Viktor Peintner, Vize-Obmann des Südtiroler Bauernbundes, hört immer wieder von Wildschäden – vor allem in bestimmten Gebieten wie eben in Vintl. „Die Bäume werden einfach kaputt“, klagt Peintner.
Auch ihm wäre wohler, wenn die Wildtiere nur in den vorgesehenen Jagdzeiten erlegt werden. Ansonsten gebe es gleich Unfrieden. „Wenn der heurige Abschussplan für das Jagdrevier Vintl heuer zu 100 Prozent erfüllt wurde, sehe ich die Jagd im Winter als nicht ganz richtig an“, so Viktor Peintner. Andernfalls sei die Situation eine andere – auch, weil viele Hirsche ständig umherwandern und nur im Winter in Gebiete wie Vintl kämen.
Ein gewisser Druck auf die jährlichen Abschusszahlen von Seiten der Forstwirtschaft ist jedenfalls da, was Heinrich Aukenthaler bestätigt: „Der Druck ist schon seit Jahrzehnten deutlich spürbar. Aber genau deshalb sind die Forstwirte in der Abschussplan-Kommission vertreten, wo die Wünsche platziert werden können.“ Der Geschäftsführer des Jagdverbandes spricht dabei von einer äußerst guten Zusammenarbeit. Er unterstreicht in der Gesamt-Thematik zudem, dass es keine Gefahr für die Rotwild-Bestände im Land gebe.
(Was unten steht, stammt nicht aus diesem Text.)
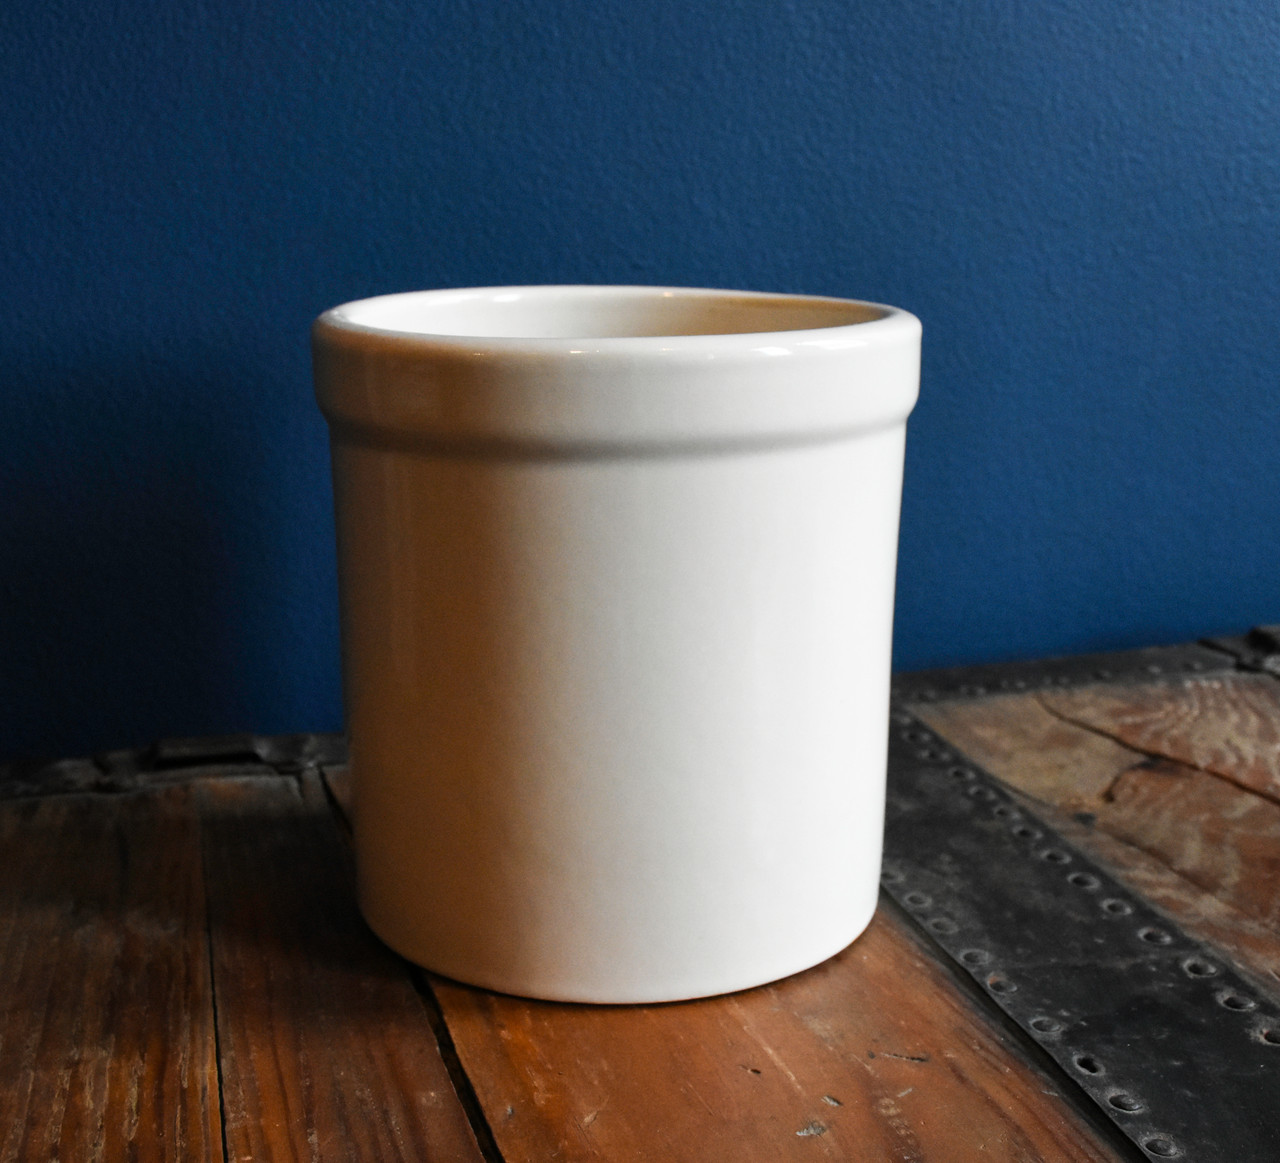 Crock pot 2 quart BRAND NEW - appliances - by owner - sale - craigslist
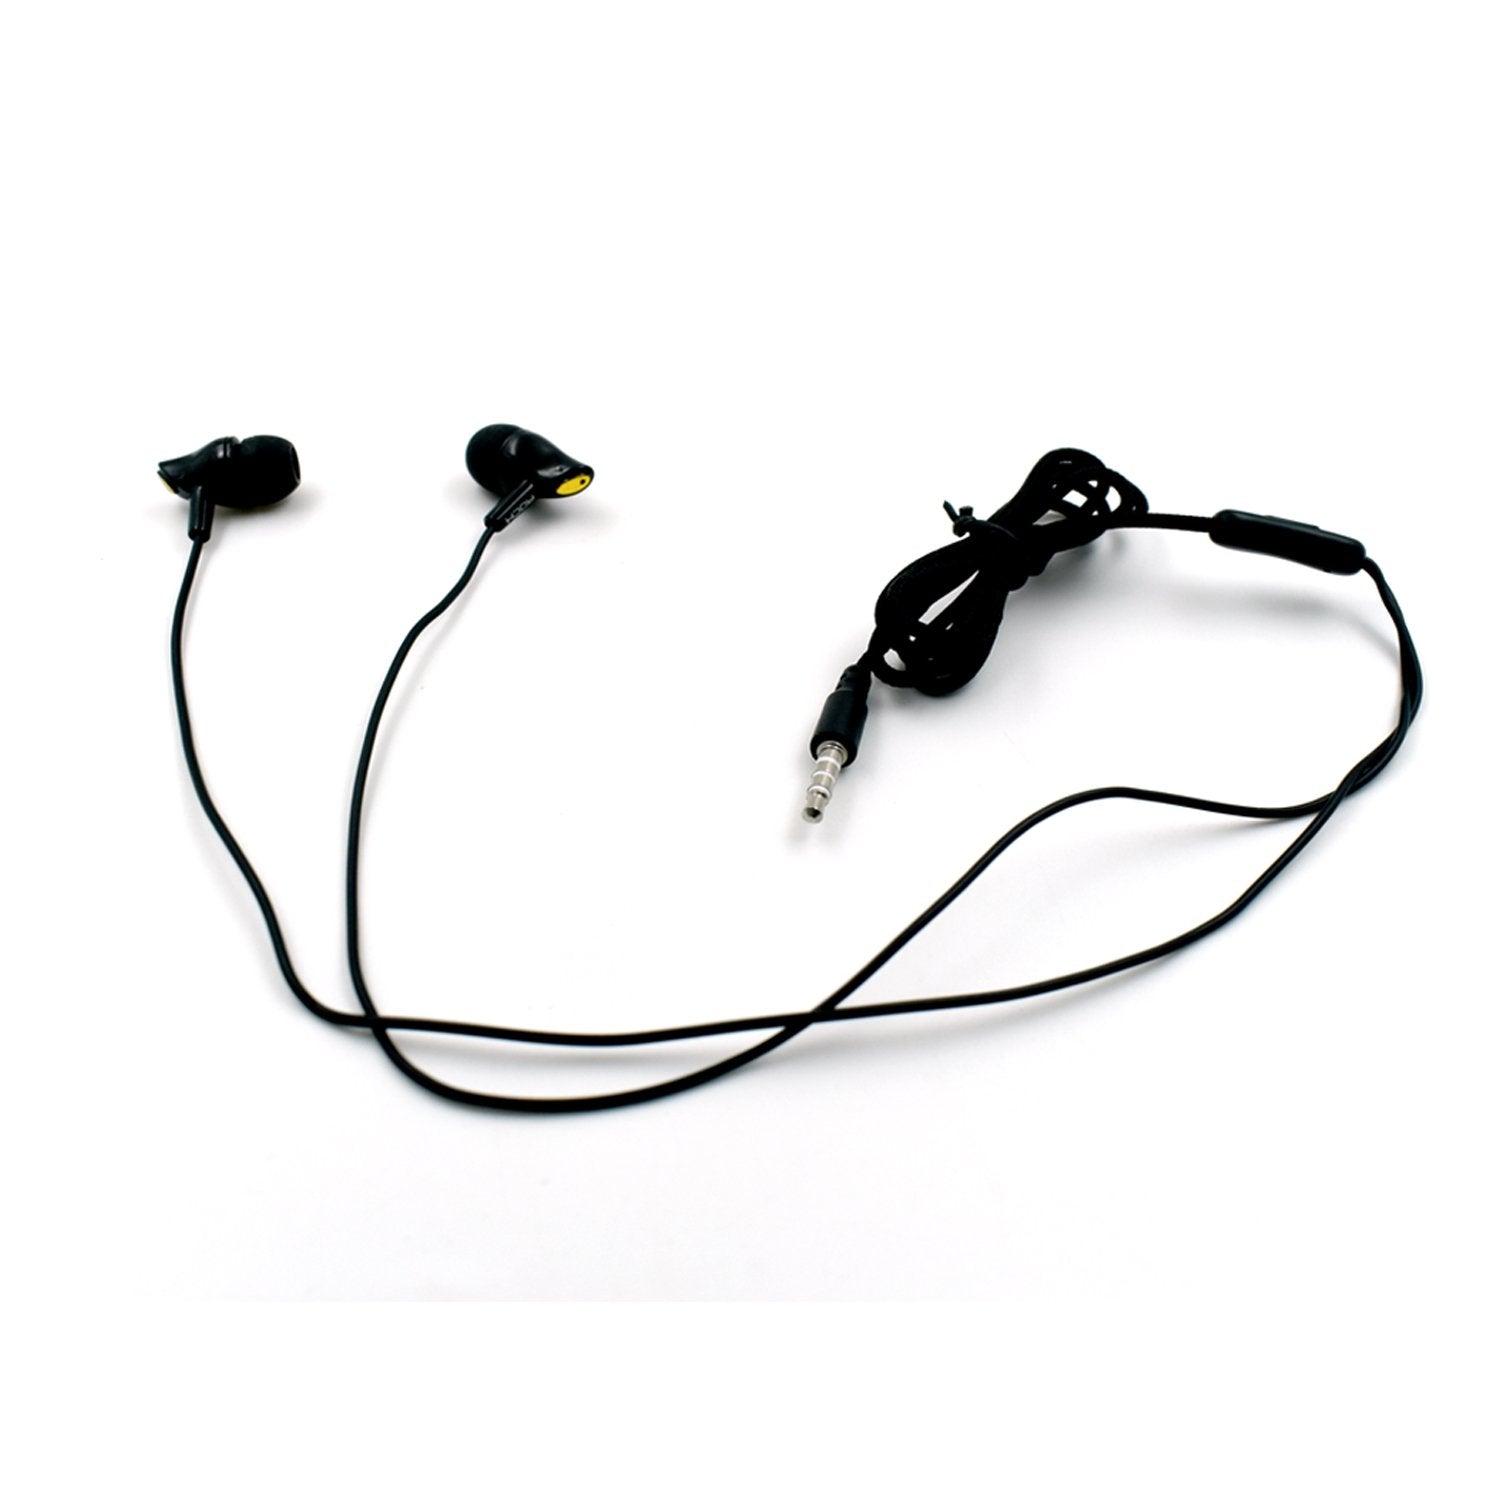 6034 Headphone Isolatinc headphones with Hands-free Control

Viktor Peintner gibt zu, dass bei der Festlegung des Abschussplanes Druck ausgeübt wird. „Man muss aber immer versuchen, ein Mittelmaß zu finden. Für die Jäger ist es auch nicht so einfach, in einzelnen Revieren eine große Anzahl an Rotwild zu schießen“, so der Bauernvertreter.
Am längeren Hebel sitzen bei den Verhandlungen aber sicherlich die Land- und Forstwirte. Denn: Wildschäden müssen vom jeweiligen Jagdrevier ersetzt werden. Und das kann mitunter teuer werden.